Beginning with a credit sequence that involves images of heterosexual and homosexual porno from centuries ago, Fourplay is a film that plays for both sexual teams. Like John Cameron Mitchell’s cult classic Shortbus (he directed Hedwig and the Angry Inch and would later make the Oscar-nominated Rabbit Hole), Fourplay is a film that basks in its own sexual openness and is eager to throw audiences to all ends of the sexual spectrum. Not meant as a negative comparison, if this film featured voiceovers in each of its segments, it would easily be taken as the film version of the (addictive) column by writer Dan Savage, “Savage Love.” Like Savage’s column, Fourplay encourages its viewers to discuss different ideas of sex and most importantly, to always be open about it.
Fourplay’s thesis of sexual openness kicks off with a small scamper in this silly first film, in which a woman’s (Sara Sevigny) homosexual crush on her friend (Amy Jean Driver) dominos into a sexual fascination with that friend’s dog. With its bizarre arc, Skokie looks to poke fun at repression, insinuating that there is more to be discovered underneath the layers one may already be ashamed of.

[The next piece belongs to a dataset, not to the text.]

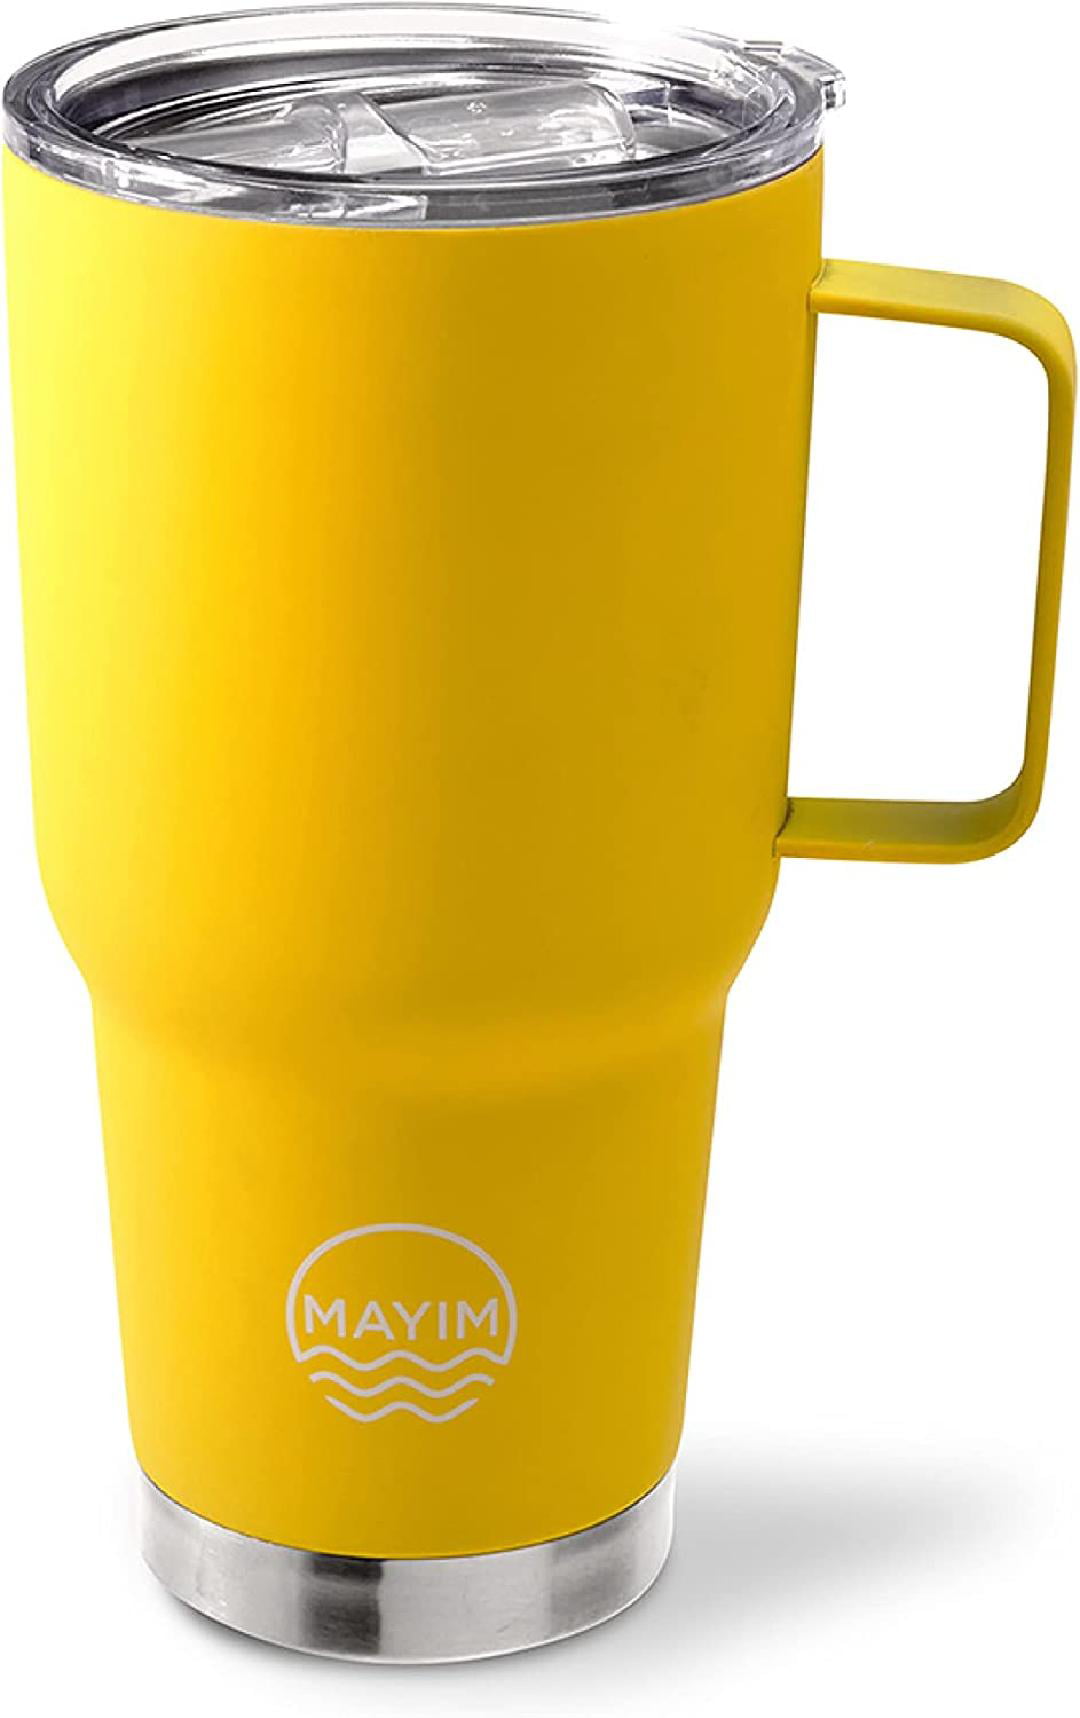 Mayim Large Travel Coffee Mug Tumbler with Clear Slide Lid and  Handle, Reusable Vacuum Insulated Double-Wall Stainless-Steel Thermos, Fits  in Cup Holder, 30oz., Blush: Tumblers & Water Glasses

Driven by humor that doesn’t reach beyond the level of silly awkwardness, the pivotal jokes in this comedy don’t play that well, even when the editing of the movie nudges humors to laugh along with the cheesy dog puppetry or the script is fine with simply heightening the clumsiness of Sevigny’s character. While the lack of self-seriousness in this short is welcome, the script can’t make more out of itself than a fumbling character with a cutesy arc. Fourplay successfully plants its seed of sexual responsiveness to one’s self with Skokie, but this short is best as a mentioning of an idea, rather than a standalone special story of a significant character’s self discovery.
While its intentions are in the right place, this second segment is a receipt for a short film’s emotional tall order. Actors can only provide so much within one non-feature film and the same goes for the audience’s ability to register such.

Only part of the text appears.